NEW YORK, May 12, 2014 (GLOBE NEWSWIRE) -- Alcobra Ltd. (Nasdaq:ADHD), an emerging biopharmaceutical company focused on the development of new medications to help patients with cognitive disorders, including Attention Deficit Hyperactivity Disorder (ADHD) and Fragile X Syndrome, today announced the presentation of data supporting a novel mechanism of action for its proprietary drug candidate Metadoxine Extended Release (MDX; MG01CI) at the 69th Annual Scientific Meeting of the Society of Biological Psychiatry (SOBP).1

Based on results from a validated mouse model of Fragile X Syndrome, investigators reported that metadoxine improved measures of cognitive performance in a manner consistent with human clinical studies in adults with ADHD, and was shown to have effects on several key neurotransmitters thought to play a role in learning and memory but not on those thought to be responsible for the activity, side-effects and abuse potential of conventional stimulant medications for ADHD.

"These new data support our working hypothesis about the mechanisms underlying the observed effects of MDX on attention, learning and memory, and its attractive safety profile, in human trials," said Jonathan Rubin, M.D., Chief Medical Officer at Alcobra. "By documenting the activity of metadoxine on GABAergic and glutamatergic neurotransmission, while showing a lack of activity of metadoxine on dopamine and norepinephrine, these data confirm that metadoxine works differently than conventional stimulant and non-stimulant medications used to treat patients with ADHD."

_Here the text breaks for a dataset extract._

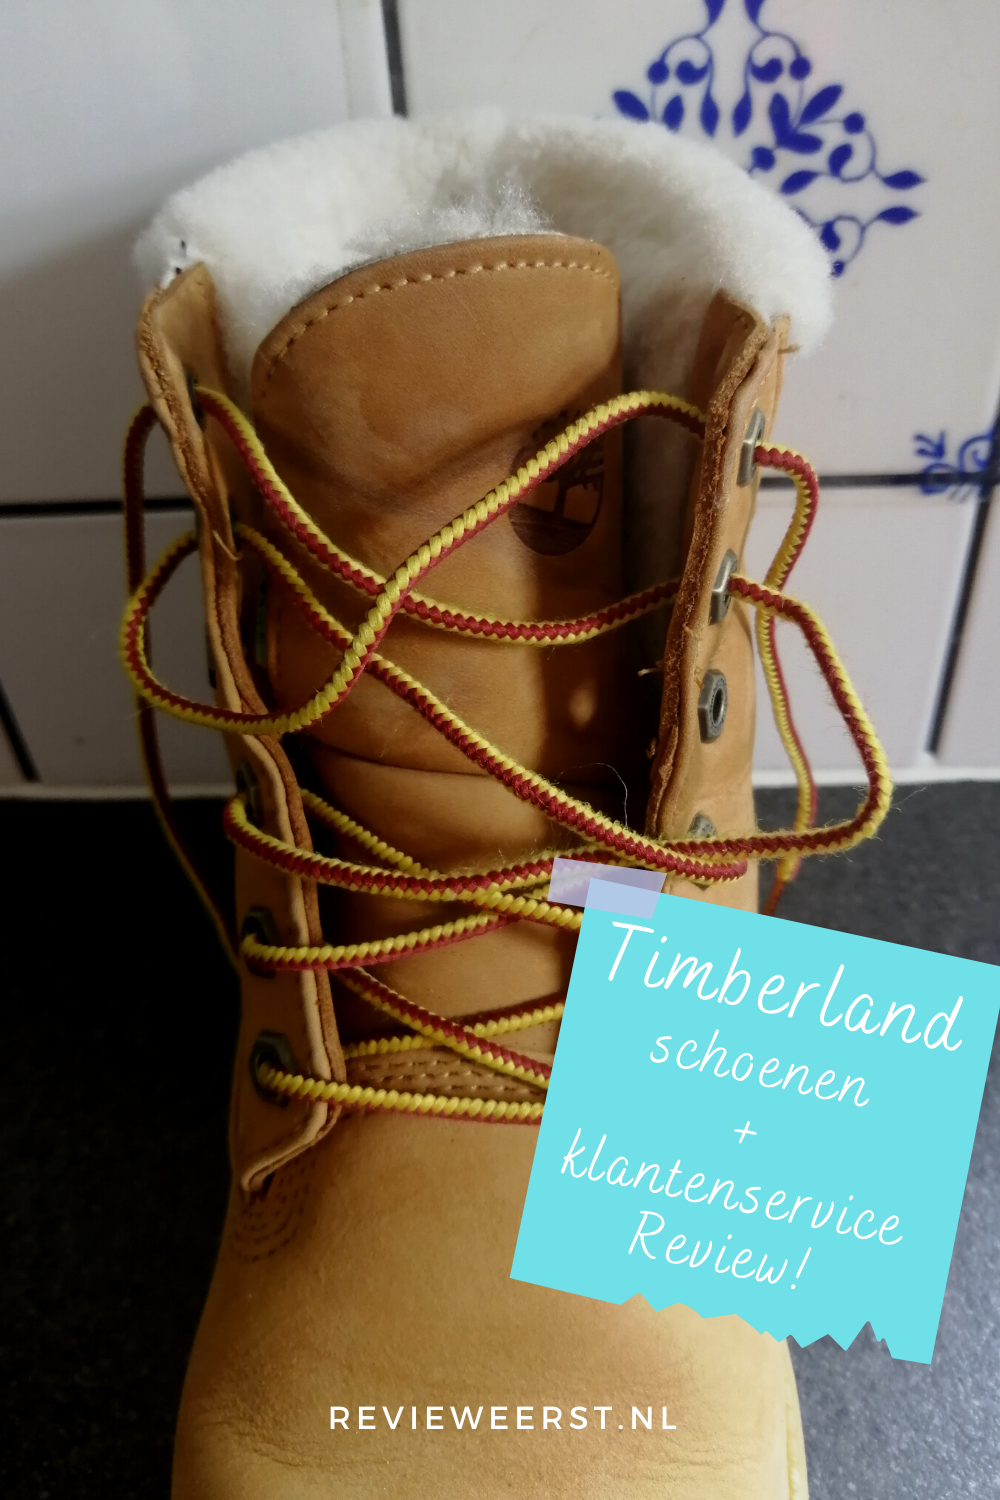 pond Republiek Uiterlijk Timberland schoenen + klantenservice review | Review Eerst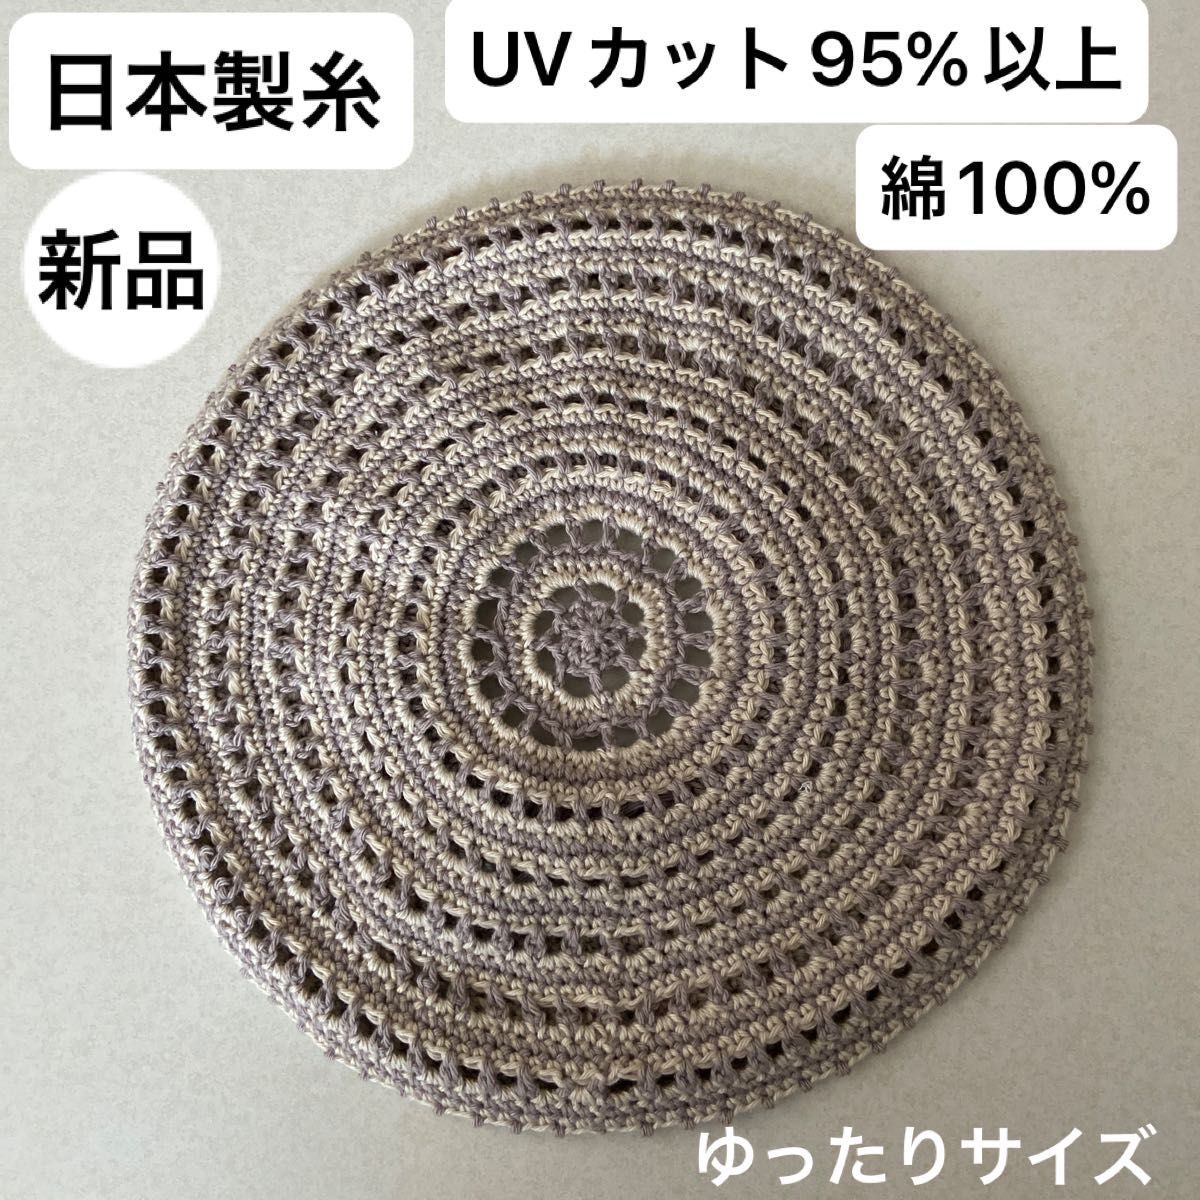 新品未使用・UVカット95%以上・日本製・綿100%・手編み・ベレー帽・ゴム調整・汗に強く柔らかな洗えるニット ・ゆったりサイズ

In the study, investigators compared metadoxine, dosed for seven days by intraperitoneal injection or orally, to placebo in wild-type and Fmr1 knockout mice, whose behavior and brain biology mimic the phenotype of Fragile X Syndrome. After dosing, behavioral assessments were performed followed by a variety of biochemical assays.

The Fmr1 knockout mice treated with metadoxine demonstrated improved performance on standardized tasks involving attention, memory, learning, hyperactivity and sociability. This effect was consistent with that seen in studies in human adults with ADHD, in which MDX demonstrated the greatest benefit in subjects with Predominantly Inattentive ADHD (PI-ADHD). Neurochemical evaluations of the treated mice demonstrated that metadoxine normalized Akt and ERK hyperactivity and increased glutathione-S-transferase (GST) activity. Normalization of hyperactivated Akt and ERK by metadoxine suggests a possible mechanism for the use of metadoxine in additional disorders associated with cognitive impairment.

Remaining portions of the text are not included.